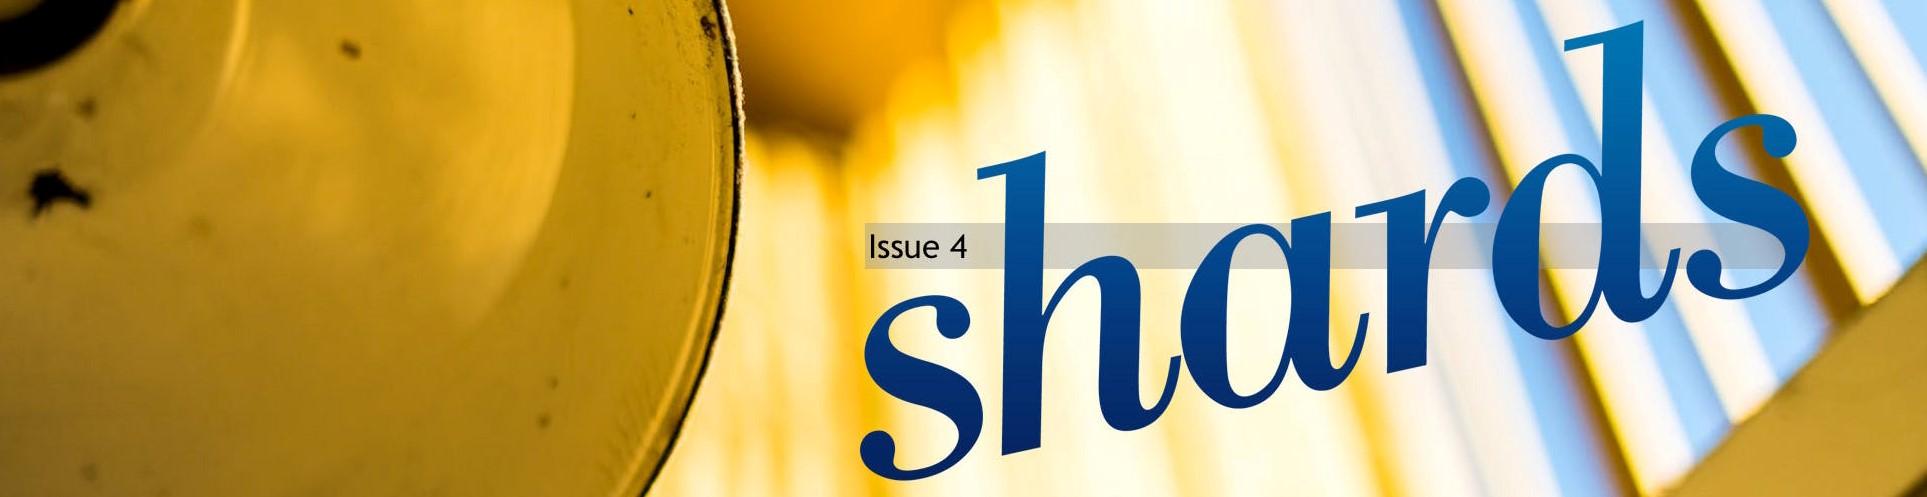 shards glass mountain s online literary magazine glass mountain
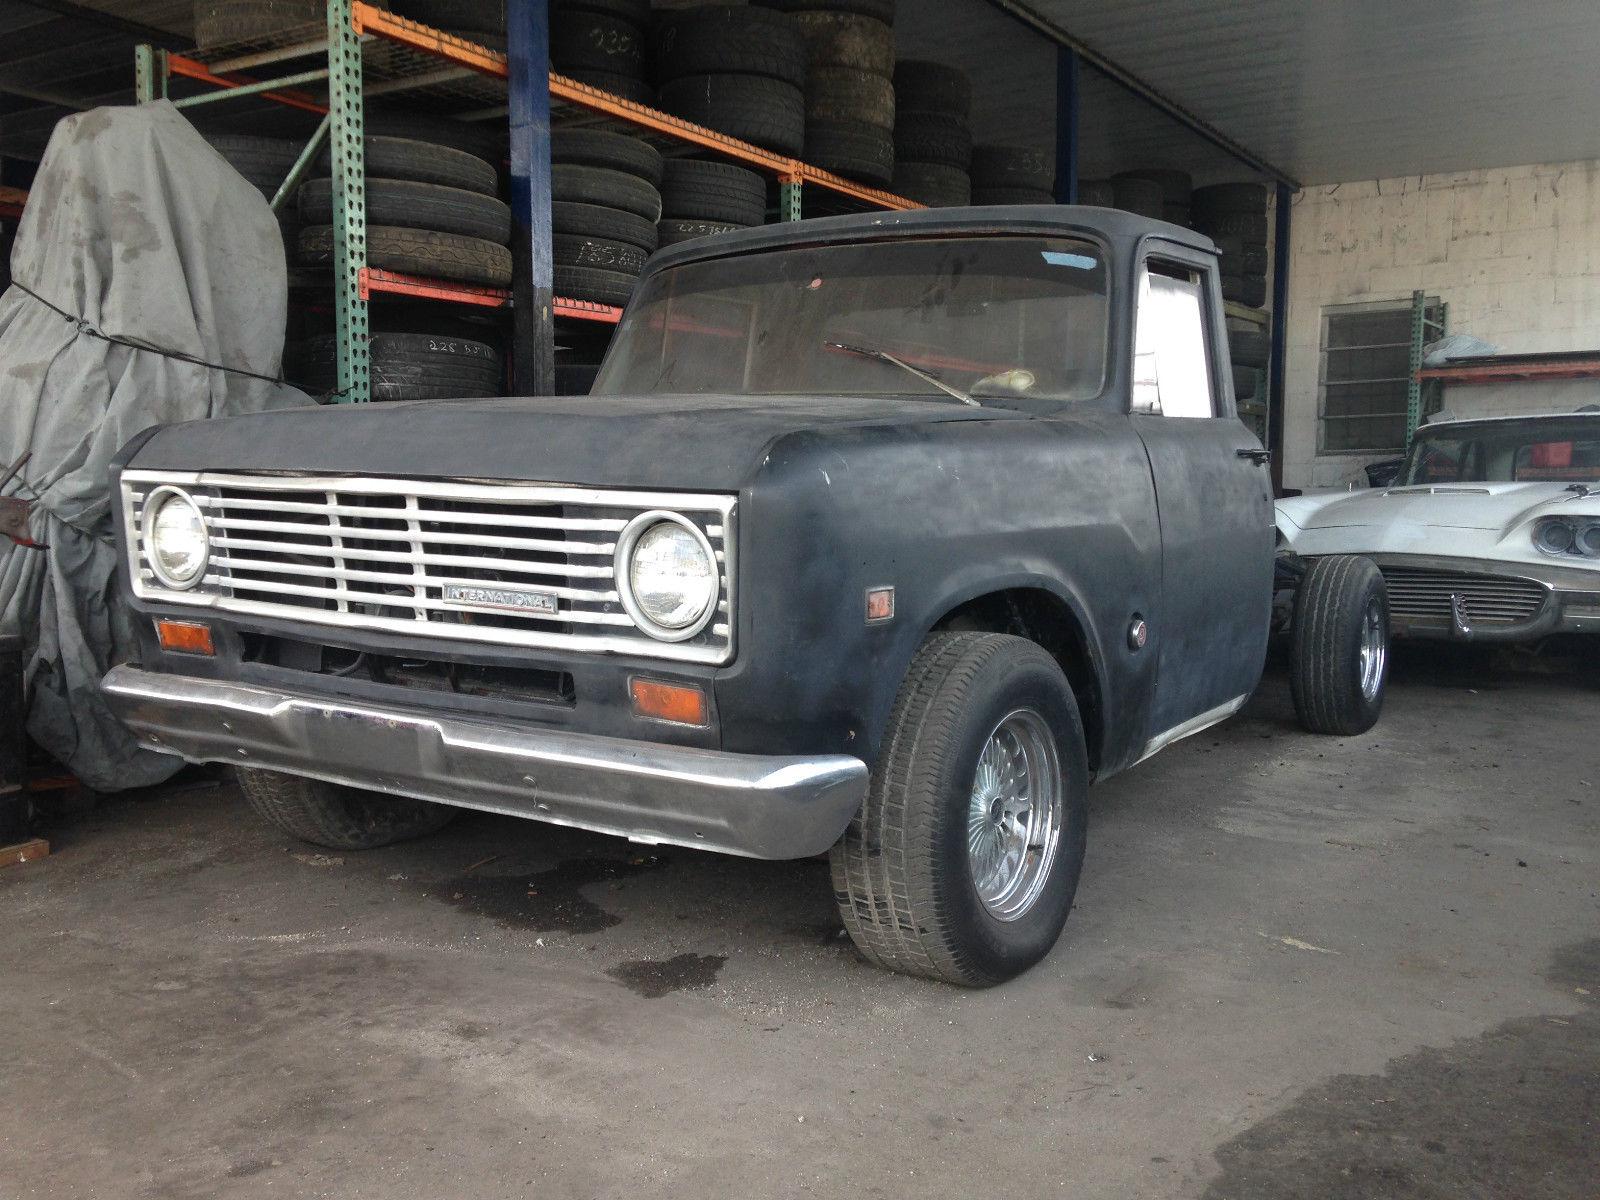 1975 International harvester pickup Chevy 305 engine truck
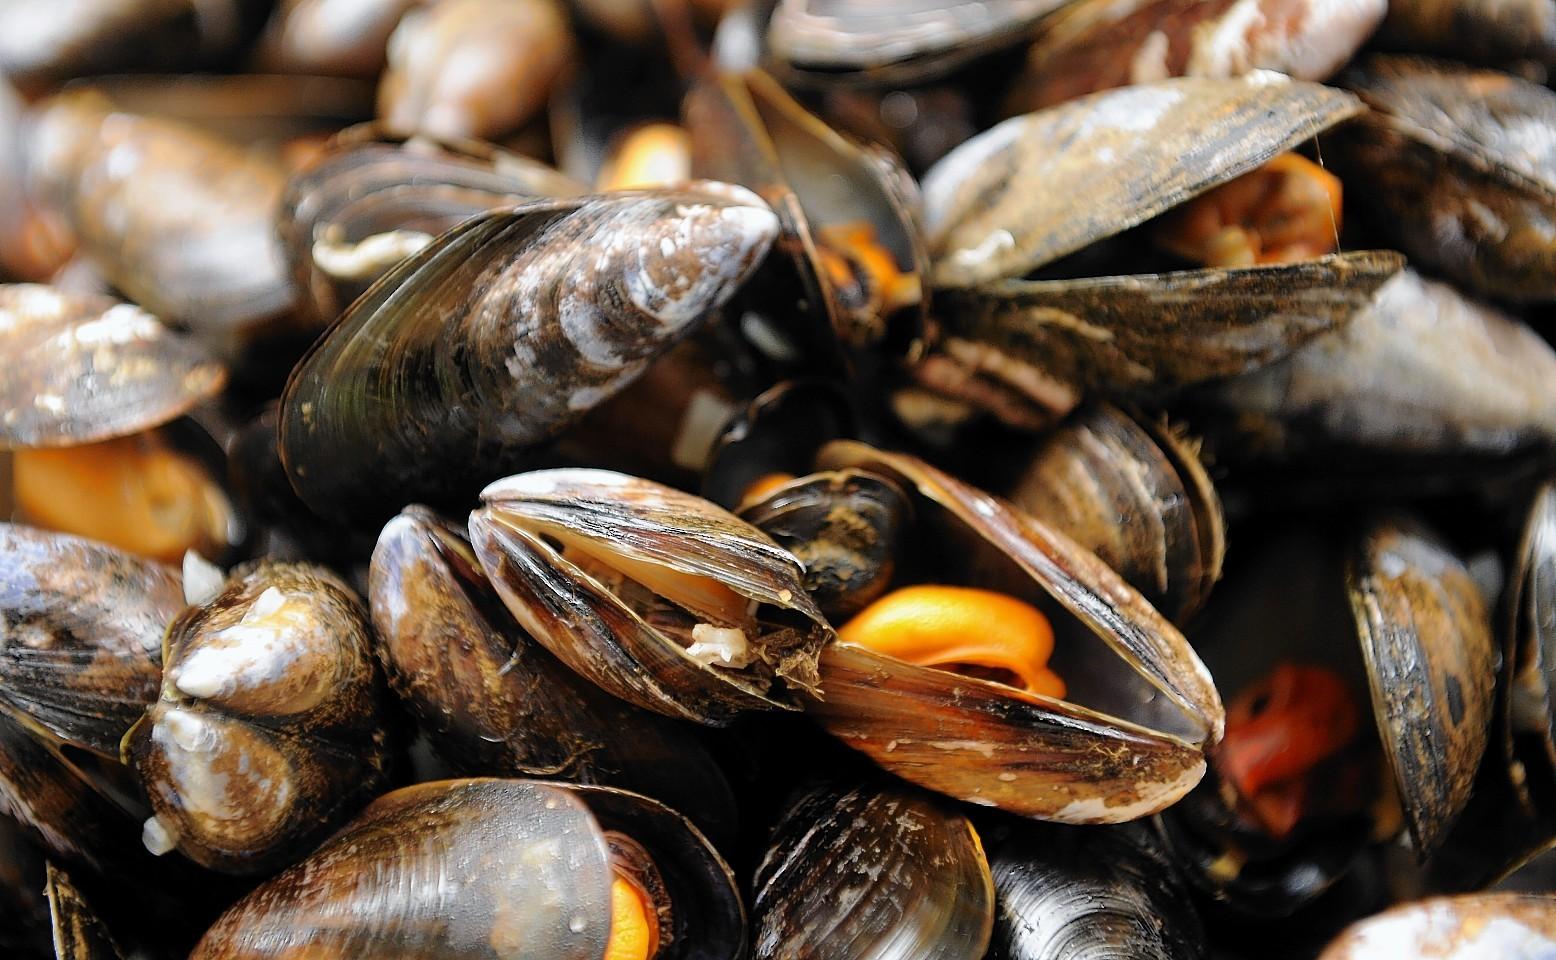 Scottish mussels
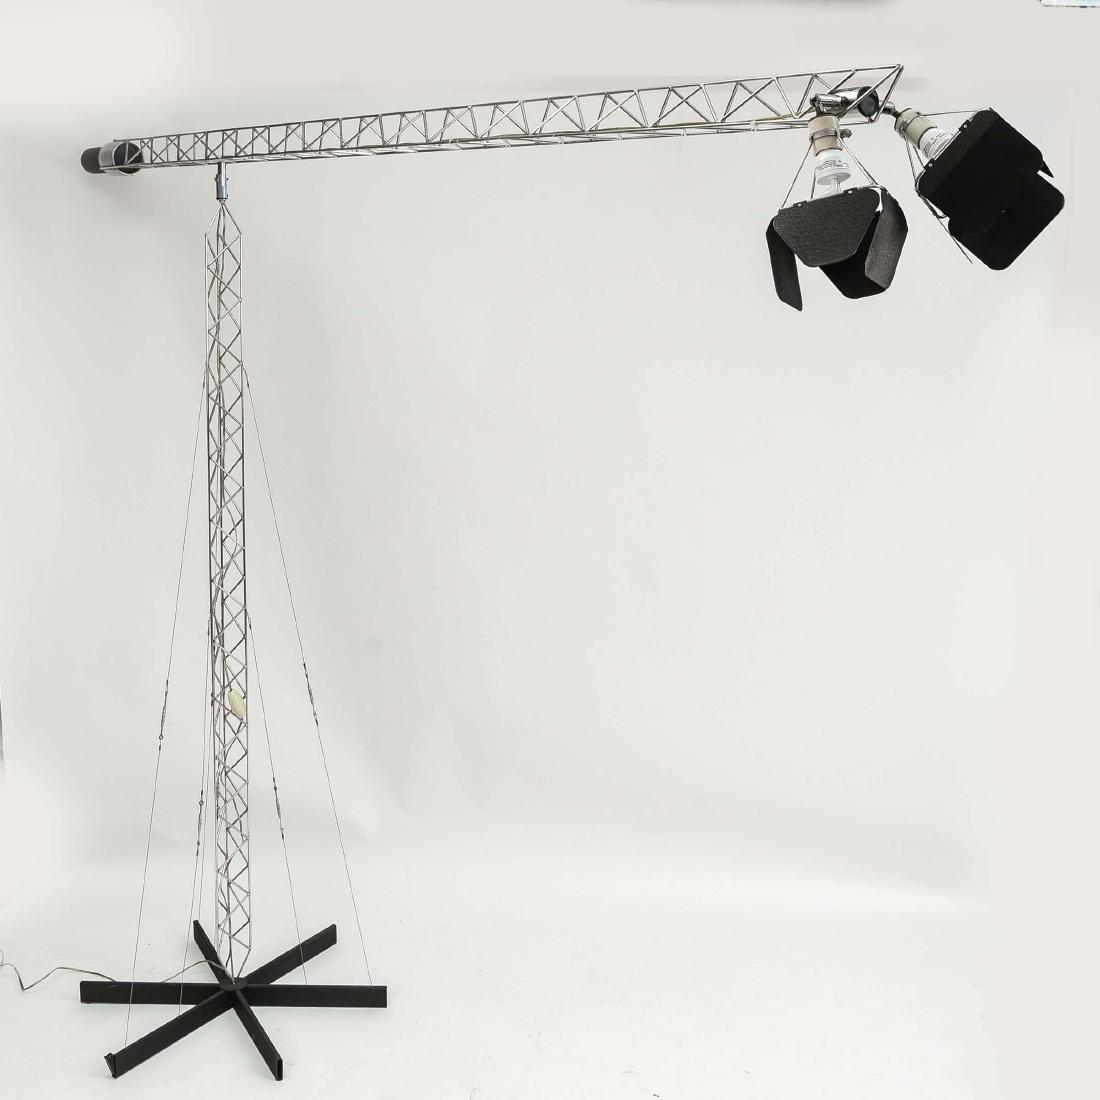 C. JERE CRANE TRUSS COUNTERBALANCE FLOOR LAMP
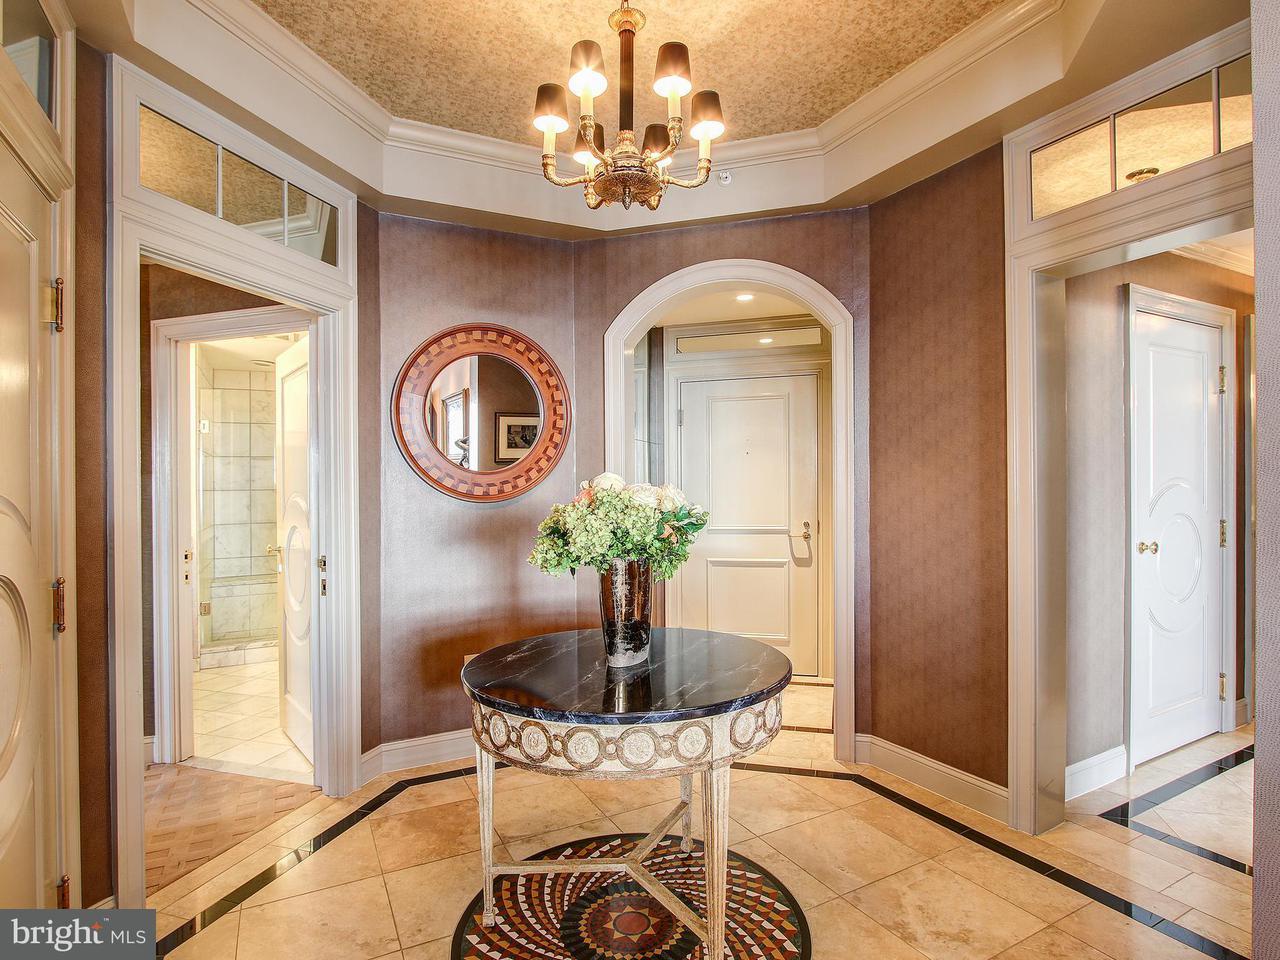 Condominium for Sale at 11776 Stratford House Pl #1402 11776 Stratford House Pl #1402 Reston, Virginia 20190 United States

───

• **Exercise instructions**
If a record holds a picture, skip the picture and write out everything else exactly.

• **Written answer**
 shards glass mountain s online literary magazine glass mountain
 1975 International harvester pickup Chevy 305 engine truck
 Scottish mussels
 C. JERE CRANE TRUSS COUNTERBALANCE FLOOR LAMP
 Condominium for Sale at 11776 Stratford House Pl #1402 11776 Stratford House Pl #1402 Reston, Virginia 20190 United States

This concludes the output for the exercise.